The company's flagship product, Blackvault, is a domain security platform that focuses on prevention rather than reaction.
Traditional cybersecurity tools often work in a reactive way, alerting users after something has already gone wrong. Blackvault flips that model by proactively securing digital entry points – what Burns calls "shutting the front door."
According to Blackveil's internal data, aligning three critical DNS records – SPF, DKIM, and DMARC – can reduce phishing, spoofing and spam threats by up to 87%. The company promises deployment within two to four weeks for most businesses.

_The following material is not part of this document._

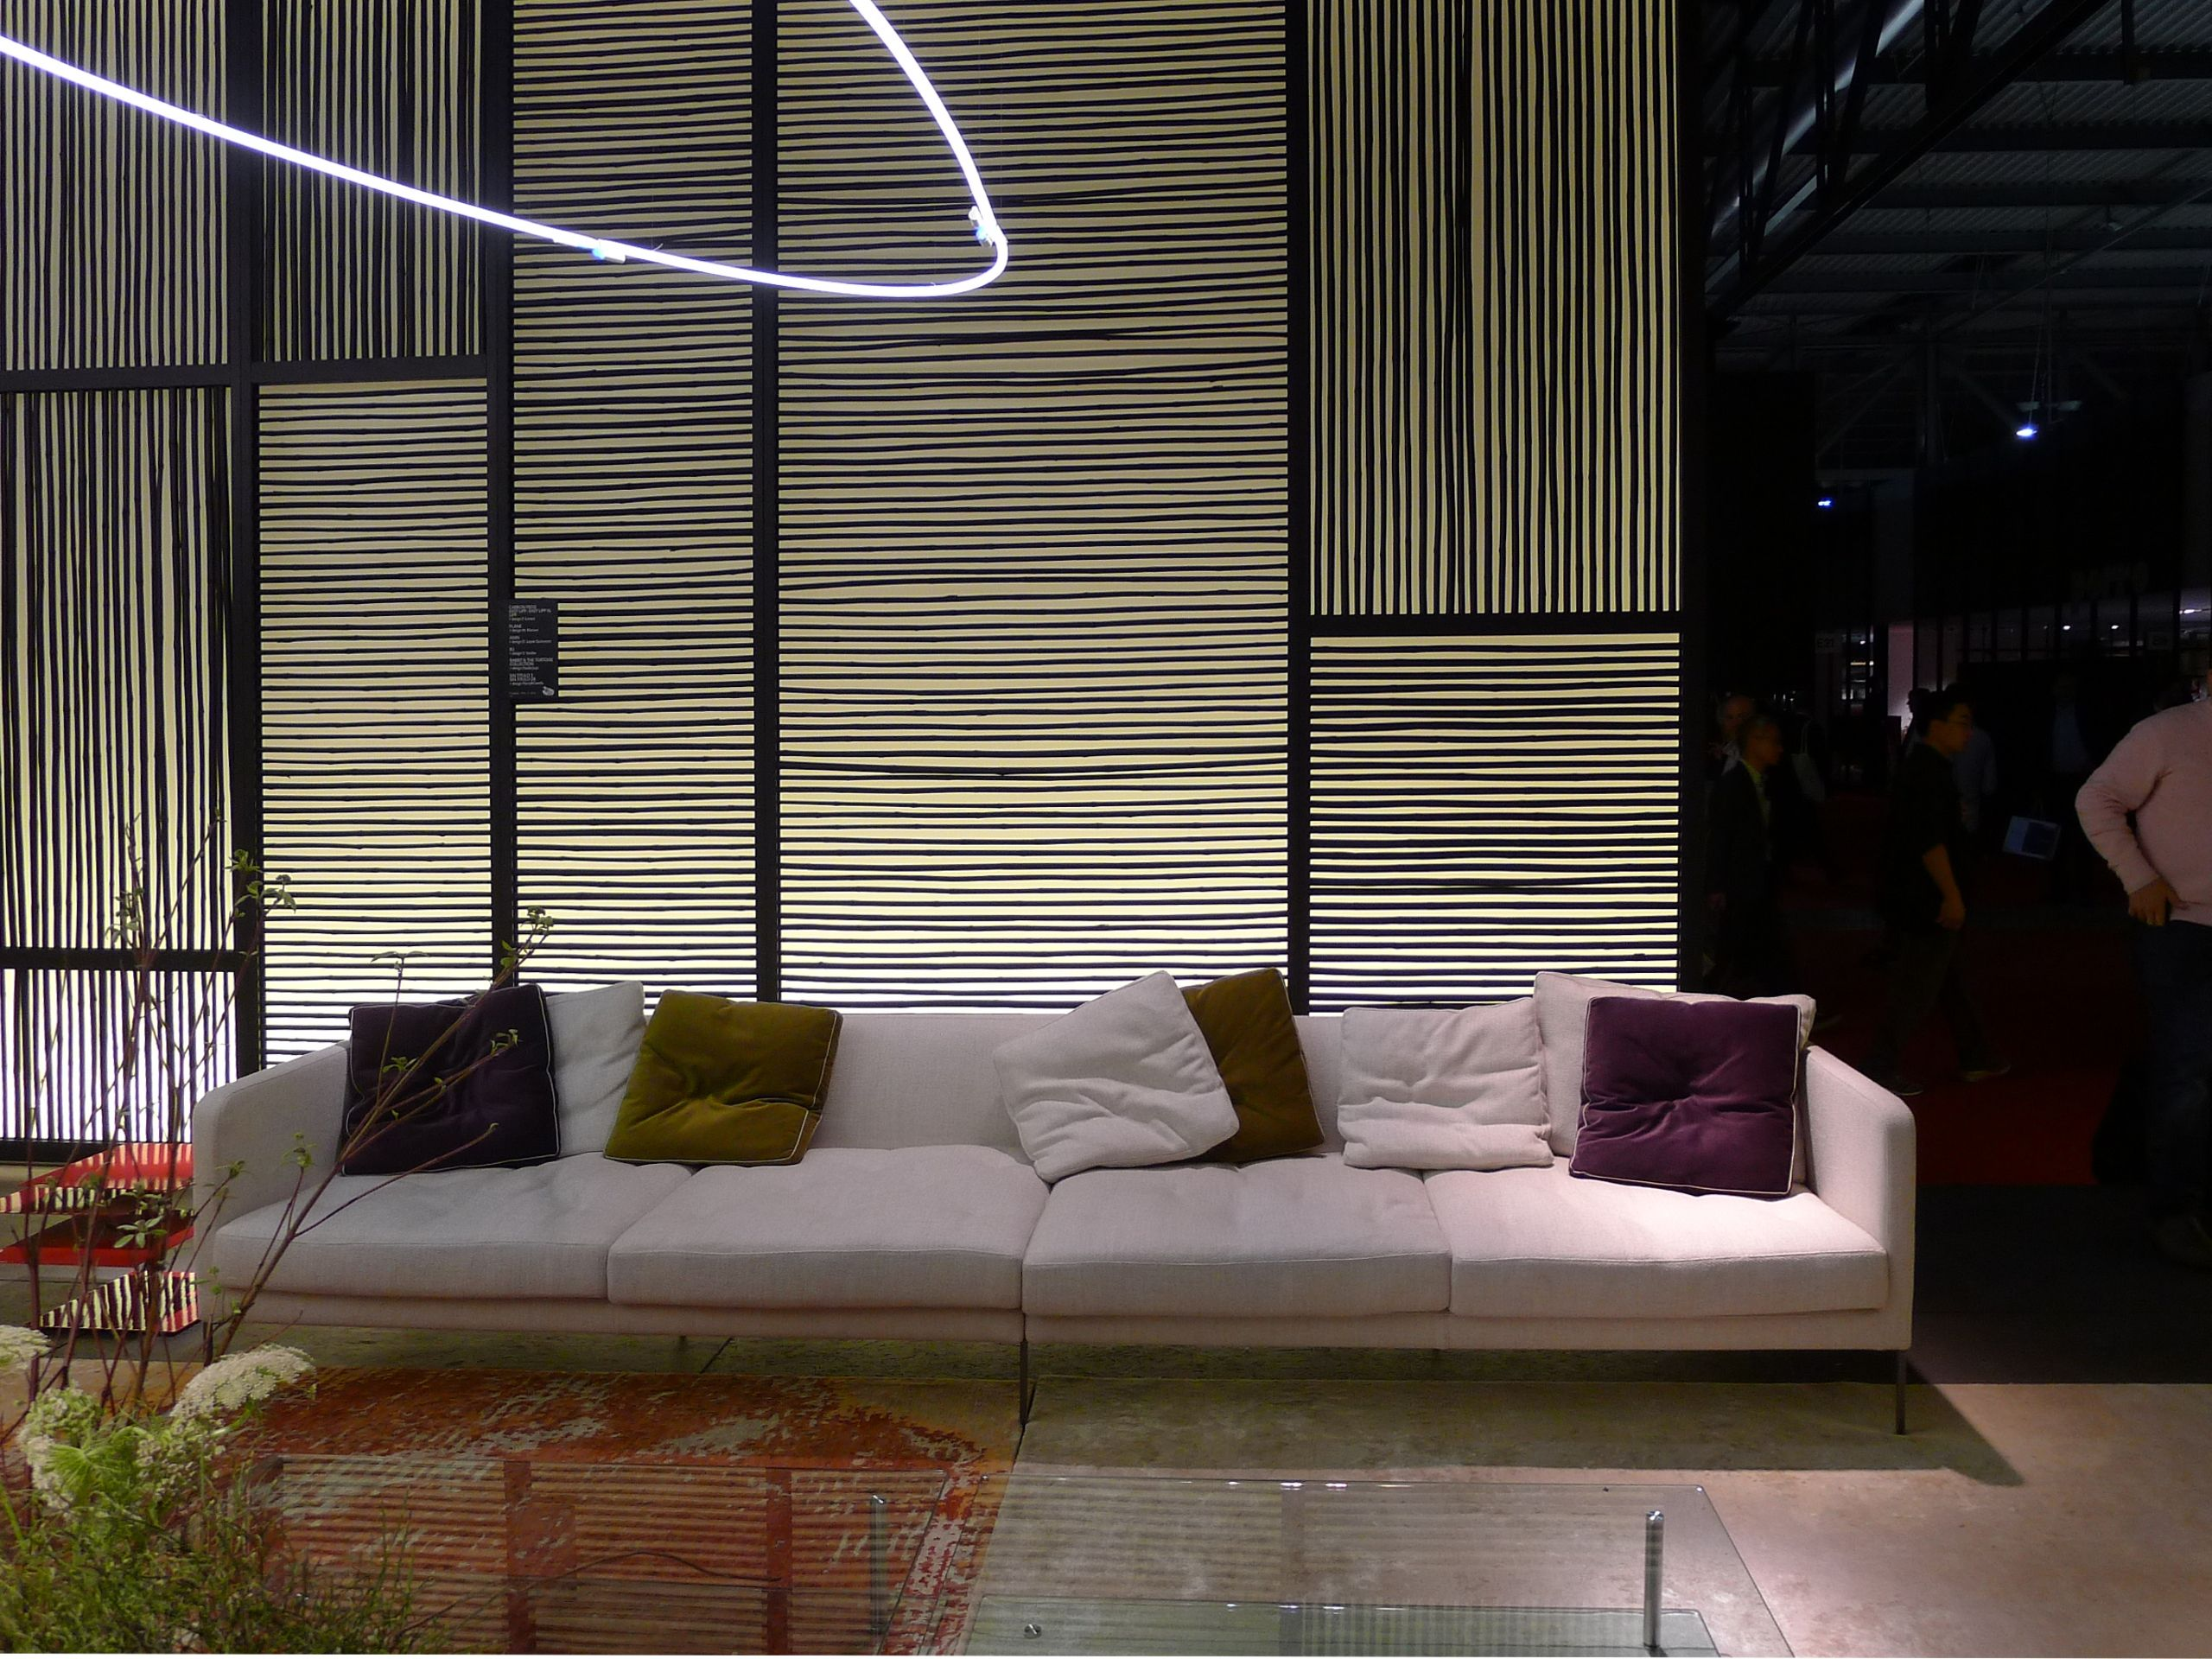 2015 salonemobili milano #livingdivani #easy lipp #lissoni #wohnidee ...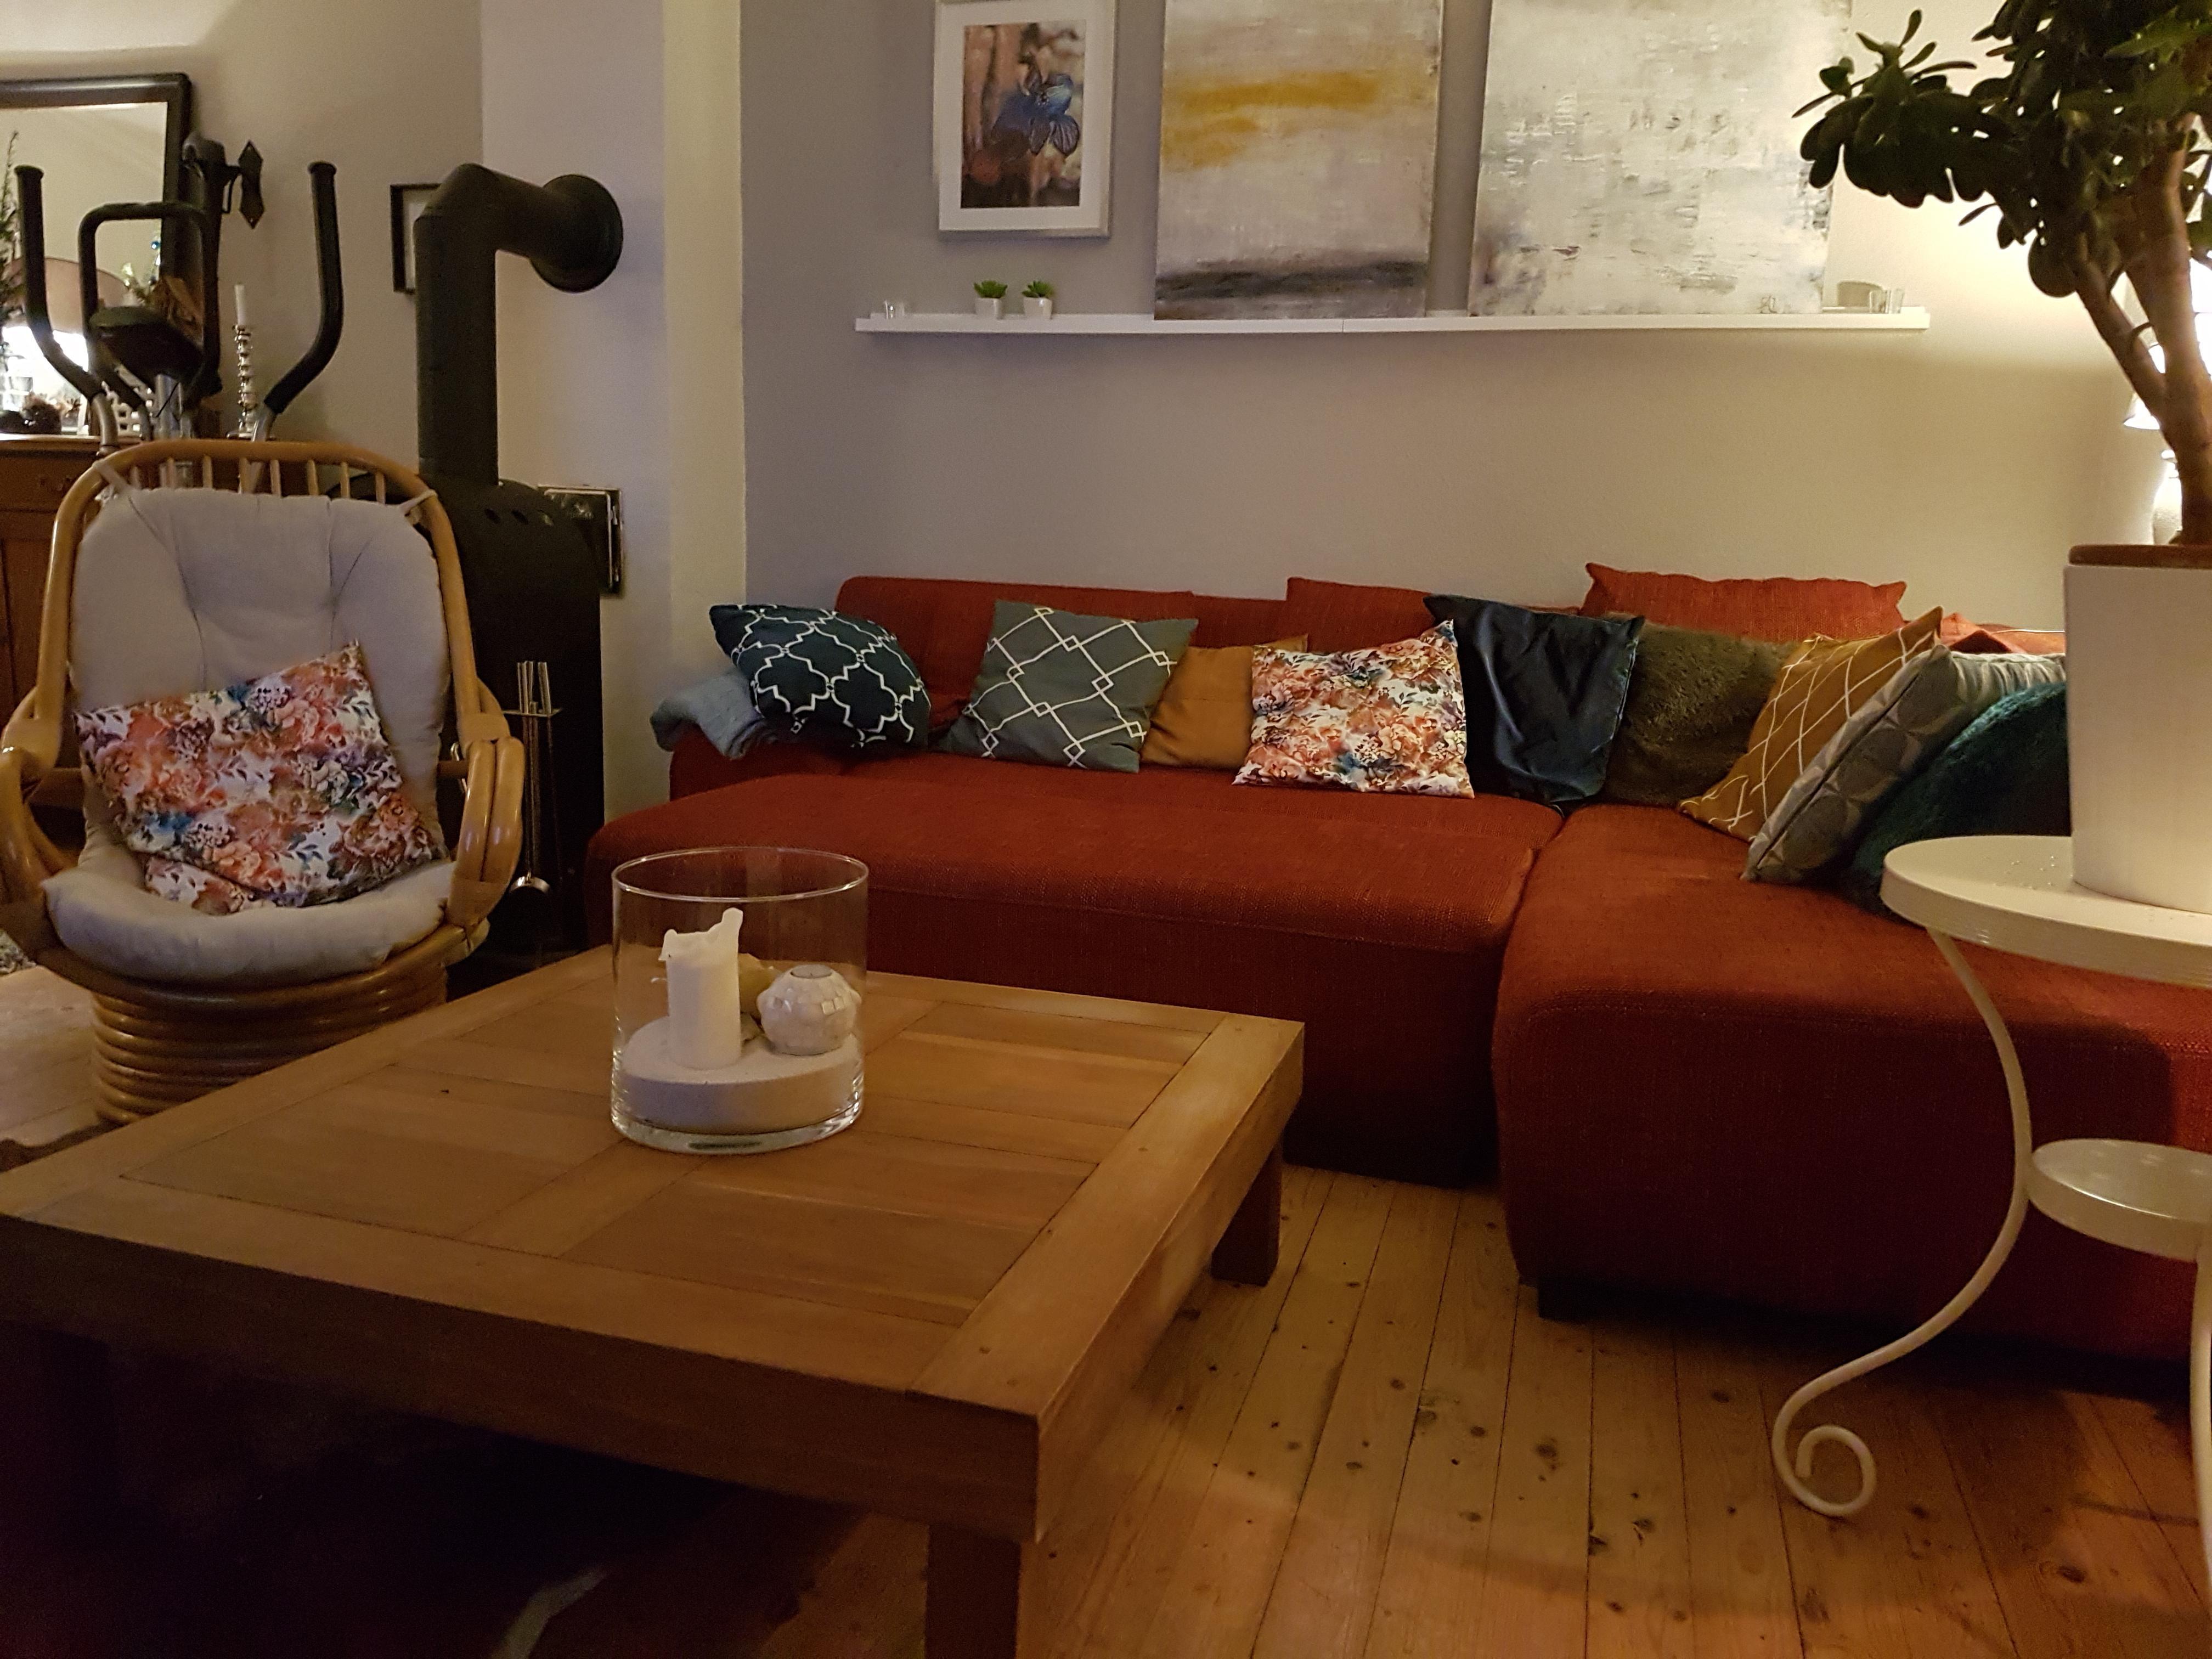 full size of uncategorizedtolles wohnzimmer blau rot ebenfalls ...

"For a small to medium-sized business, the return on investment is huge," Burns said. "This is one of the most cost-effective ways to secure your business."
Despite its focus on the ANZ region, Blackveil operates globally, and the remote-first company has seen growing demand abroad. Headquartered in Tauranga, the business can support international clients without needing to be onsite, although on-the-ground assistance is available in the Bay of Plenty.
Burns himself relocated from Auckland a few years ago for a slower pace of life, but remains deeply connected to the broader tech world. In addition to Blackveil, he developed KiwiCost, a side project offering real-time cost comparisons for people living in or moving to New Zealand.
"That one was just me scratching an itch," he said. "But it also helped me practice and refine the design direction for Blackveil."
His approach is anything but traditional. "Most IT companies are run by old guys in blue suits," he joked. "I wanted to bring something different – vibrant, creative and approachable."
That includes how the company communicates. On LinkedIn, Burns shares cybersecurity insights with a dose of humour and sarcasm. One of his recent posts – about seemingly mundane email security protocols – went viral, drawing over 100,000 impressions.
"People are clearly looking for plain-English guidance," he said. "And they appreciate a bit of personality."
Asked what advice he'd give businesses unsure how to prepare for the evolving threat landscape, Burns had three clear steps: train your staff, get the basics right, and monitor your systems.
"Every staff member is a risk if they don't know how to spot bad actors," he said. "Their inbox is their digital passport. If you train them properly and secure your fundamentals, 90% of attacks become impossible."
He added: "And after that, monitor everything – because DNS records can be altered by mistake, or worse."
For those in crisis, Blackveil also offers an emergency helpline – 0508 HACKED – designed to provide immediate assistance to compromised businesses.
"That line goes straight to my mobile," Burns said. "It's about being there when people need us most."
Blackvault is still evolving, with plans to become what Burns calls "the Swiss Army knife of domain security."
But his goal remains clear: "We want to make strong cybersecurity achievable for everyone," he said. "Because it's not just big companies under threat anymore – it's all of us."